Back to I.M. Beck: First, please allow me to dispossess him of the notion that the indigenous intelligentsia (a member of which I do not claim to be - as I.M. Beck will surely agree), are otherwise unoccupied when they opt to ignore the exquisite ennui of his errors (see his footnote on August 6 re his faux pas a week earlier in confusing Gershwin with Bernstein).

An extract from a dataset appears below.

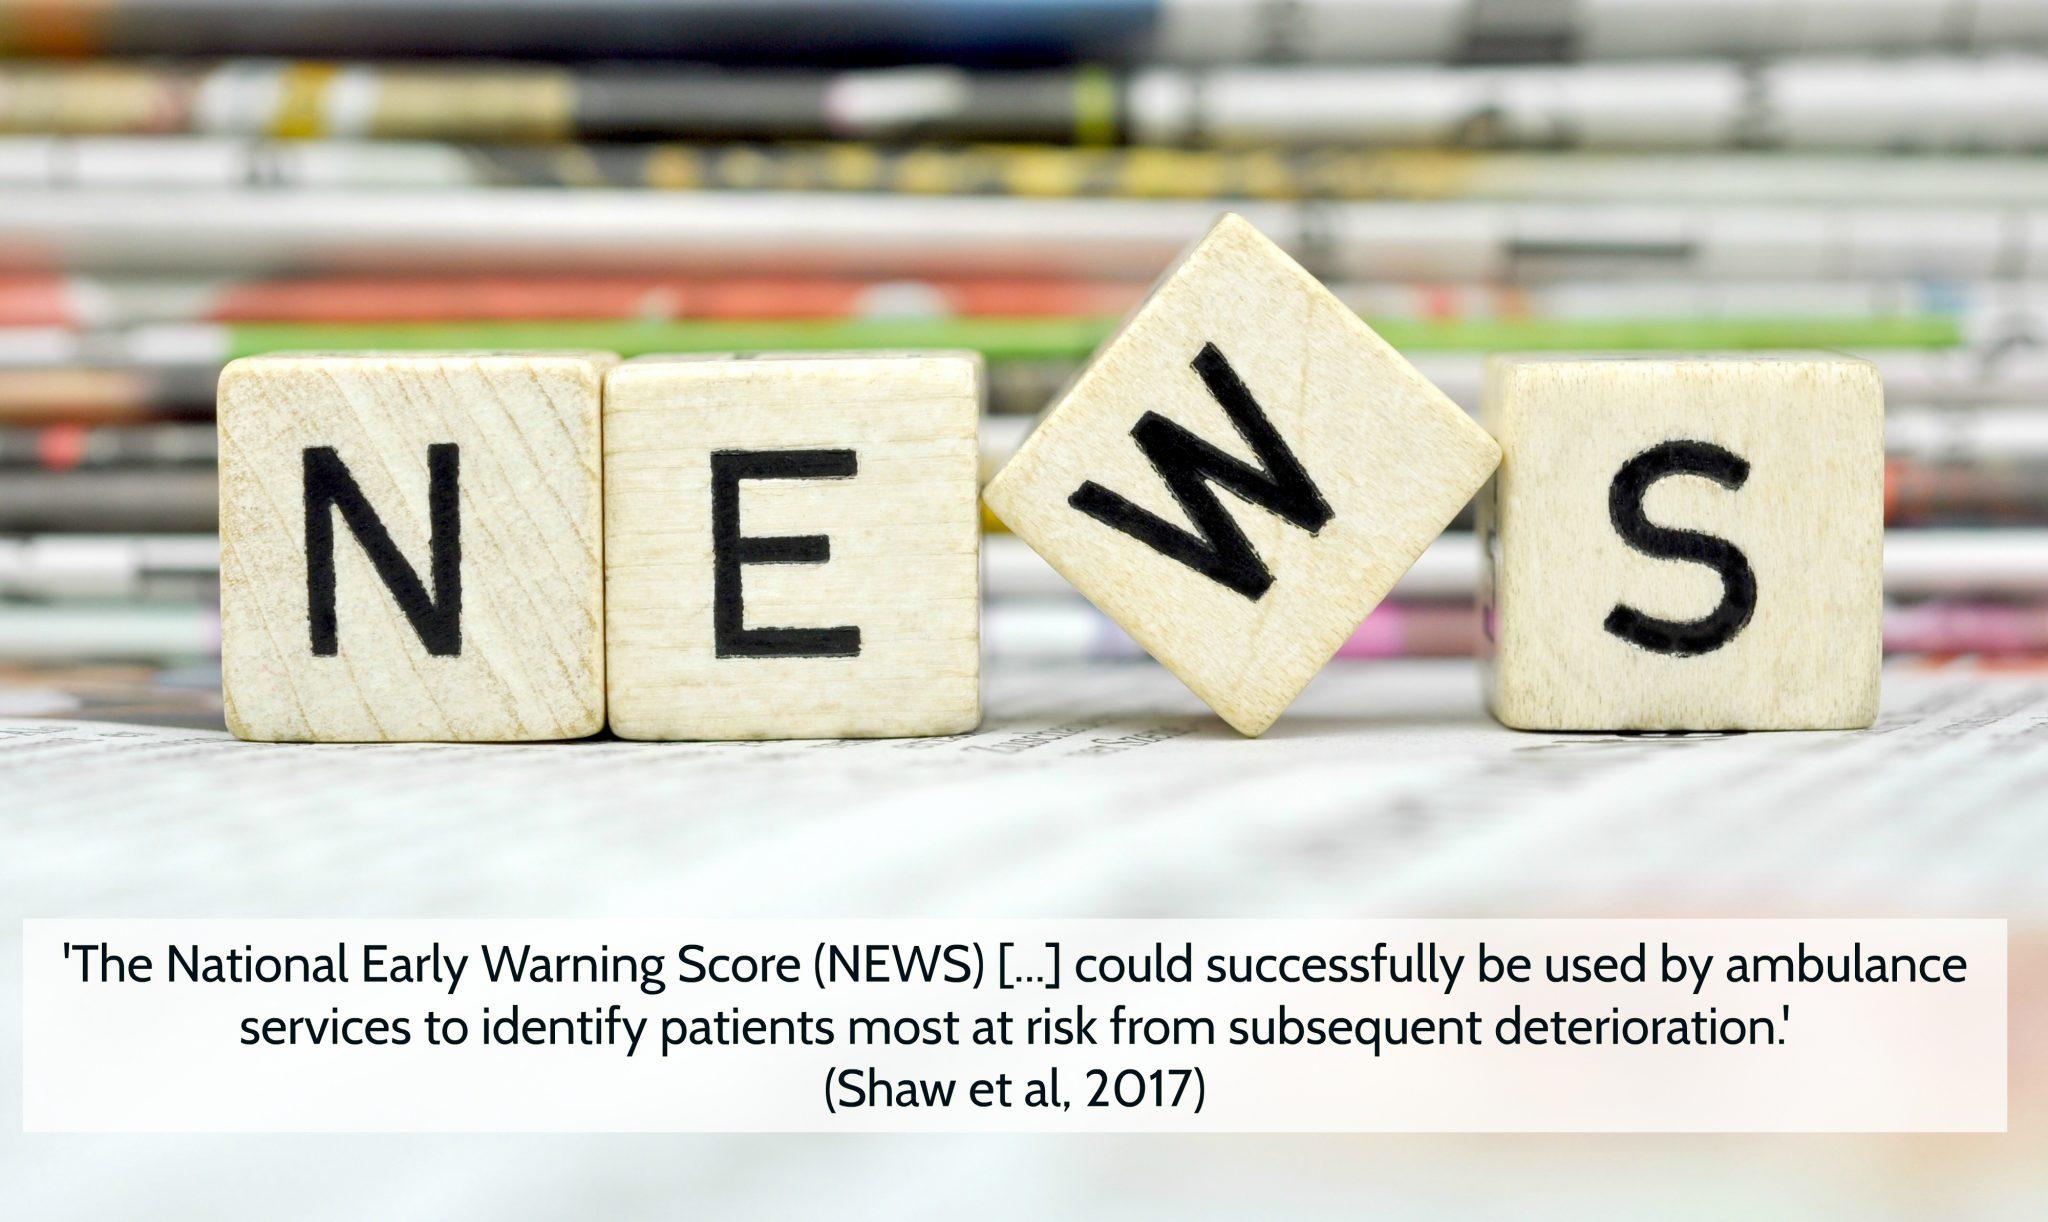 news score

Secondly, if I.M. Beck can split hairs, if I am piqued, I will circumcise mosquitoes! "Nothing is wittier than to make frivolities serve serious ends," said Erasmus. However, let me remind him of the hoary chestnut about the Tower of Pisa telling Big Ben: "If you have the time, I have the inclination". I have neither one, nor the other. I.M. Beck is clever enough, to use his own threadbare phrase, to turn any contribution into "grist to his mill". As a money man, I translate this into "putting money into his till". Possibly, for one of his ilk, a handy supplement to wearing the silk.

Finally, as I switch off the lights of this batti-Beck, those who followed it should by now be de-lighted. If I.M. Beck re-fuses (got it, Bocca?), and opts to light up again, even though I think readers would think it re-volt-ing, he is not to expect me to en-lighten him any further.

Editorial note: No "opinions" submitted for publication, whether "favourable" or "unfavourable", are brought to the attention of columnists in advance.